> Work to complete
An exact copy of the entries is required, with every image omitted.
_____
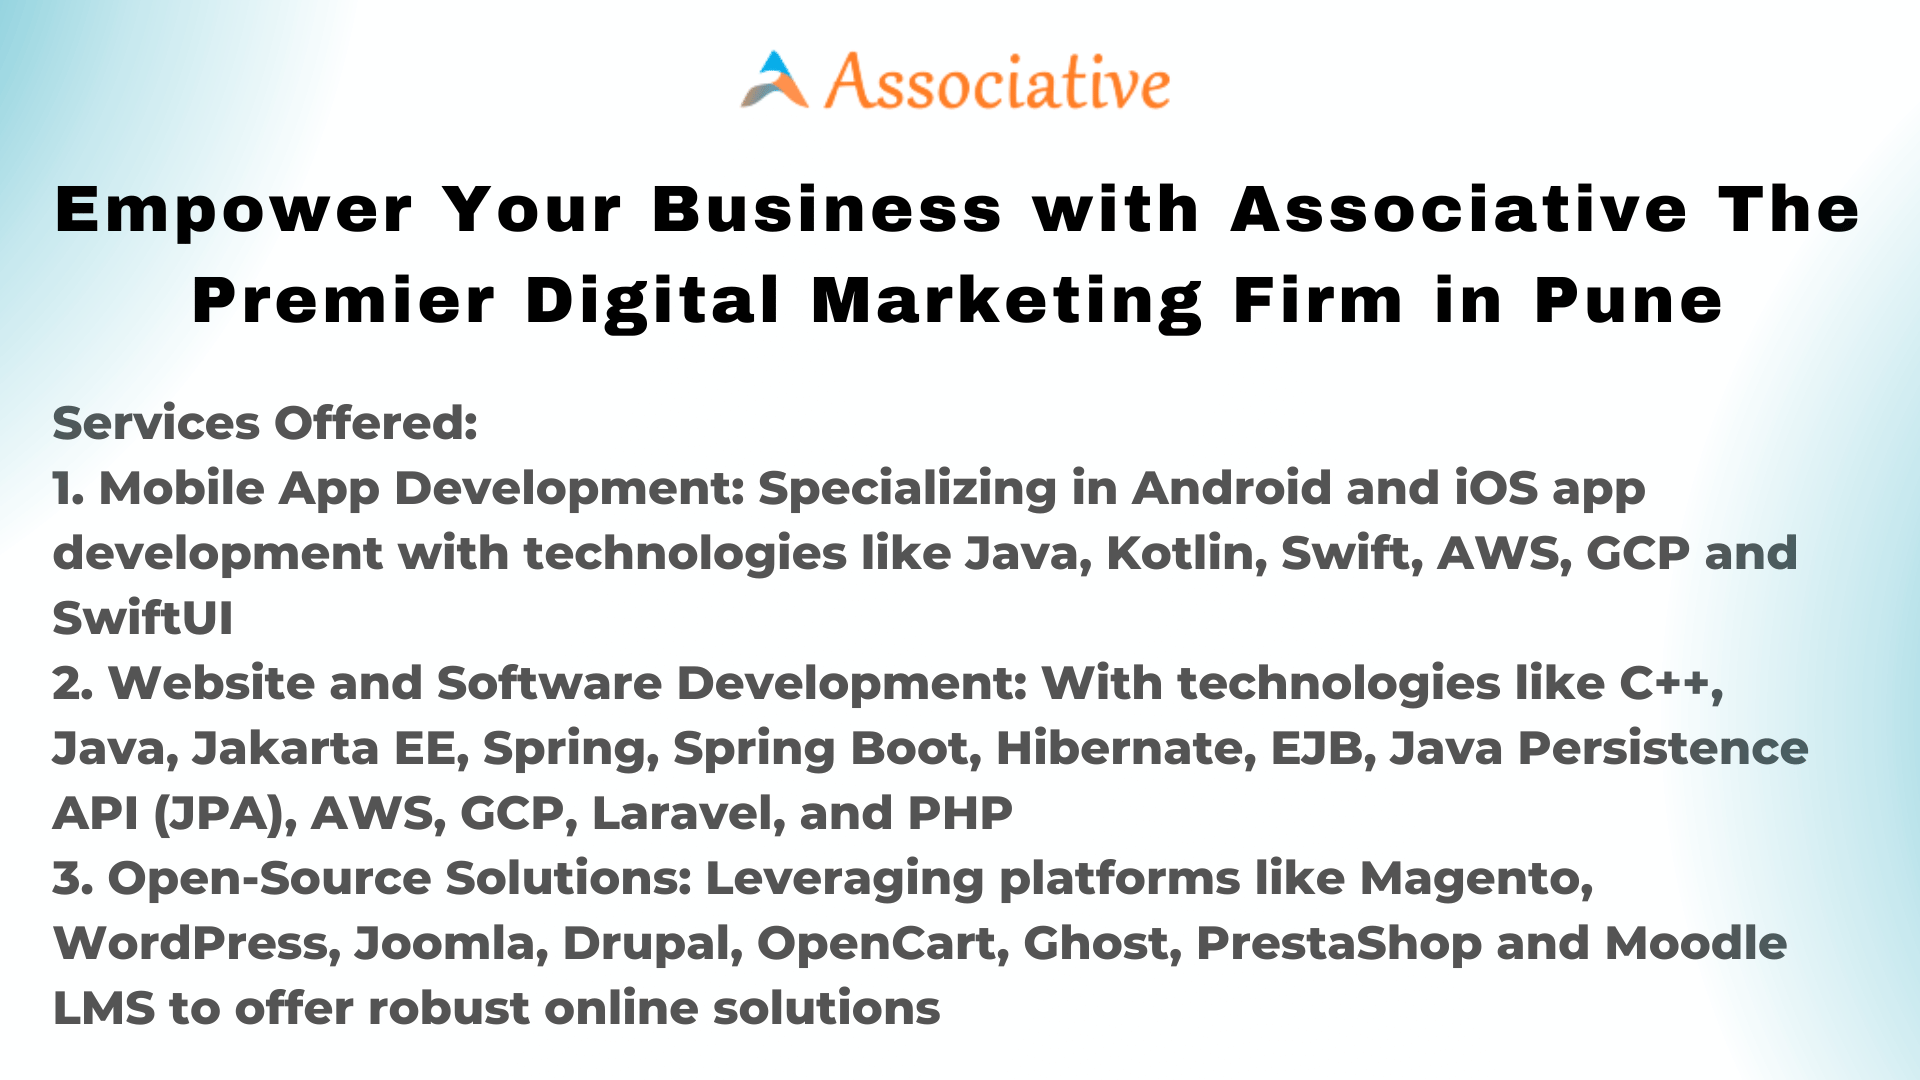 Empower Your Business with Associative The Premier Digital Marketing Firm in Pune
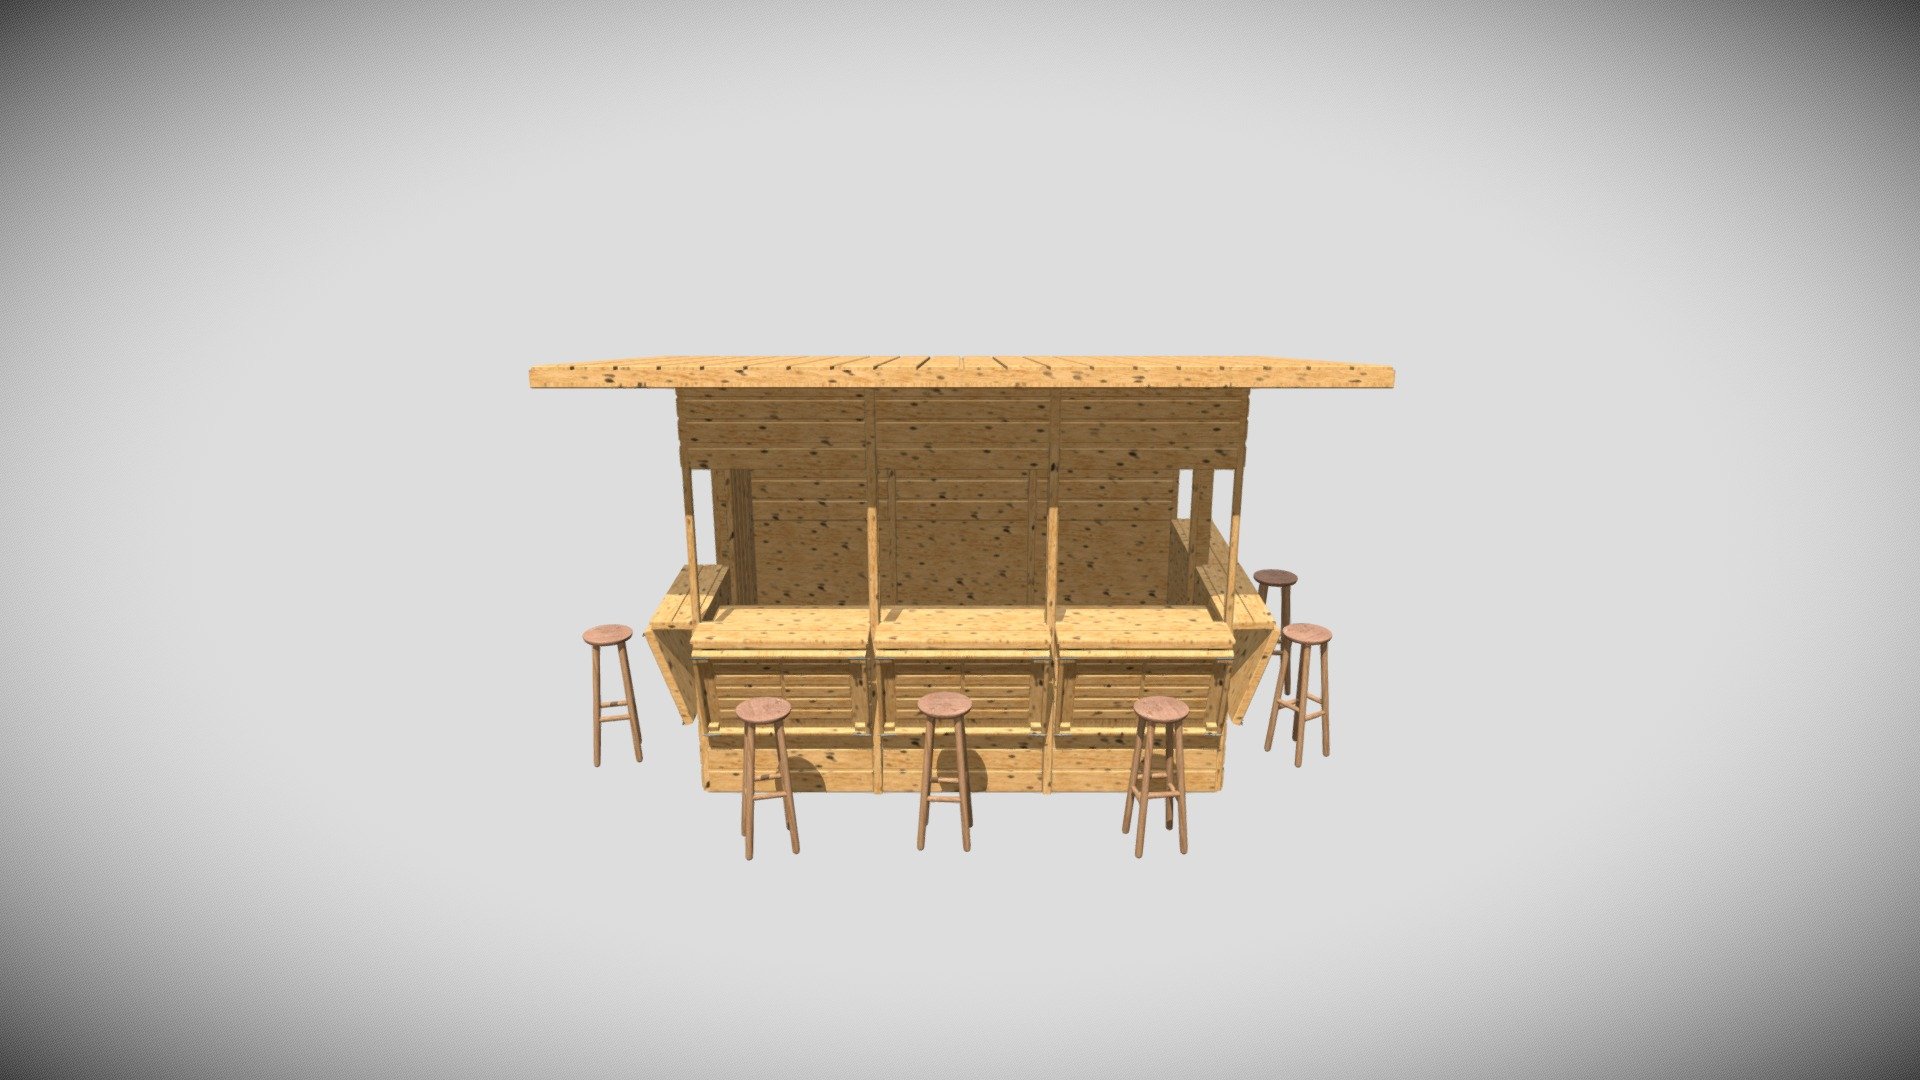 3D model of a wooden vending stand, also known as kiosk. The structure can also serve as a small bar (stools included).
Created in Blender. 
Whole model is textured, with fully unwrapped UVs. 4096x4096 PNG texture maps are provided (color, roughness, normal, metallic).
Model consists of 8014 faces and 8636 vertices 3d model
_____
> Solution to the exercise
 Empower Your Business with Associative The Premier Digital Marketing Firm in Pune
 3D model of a wooden vending stand, also known as kiosk. The structure can also serve as a small bar (stools included).
Created in Blender. 
Whole model is textured, with fully unwrapped UVs. 4096x4096 PNG texture maps are provided (color, roughness, normal, metallic).
Model consists of 8014 faces and 8636 vertices 3d model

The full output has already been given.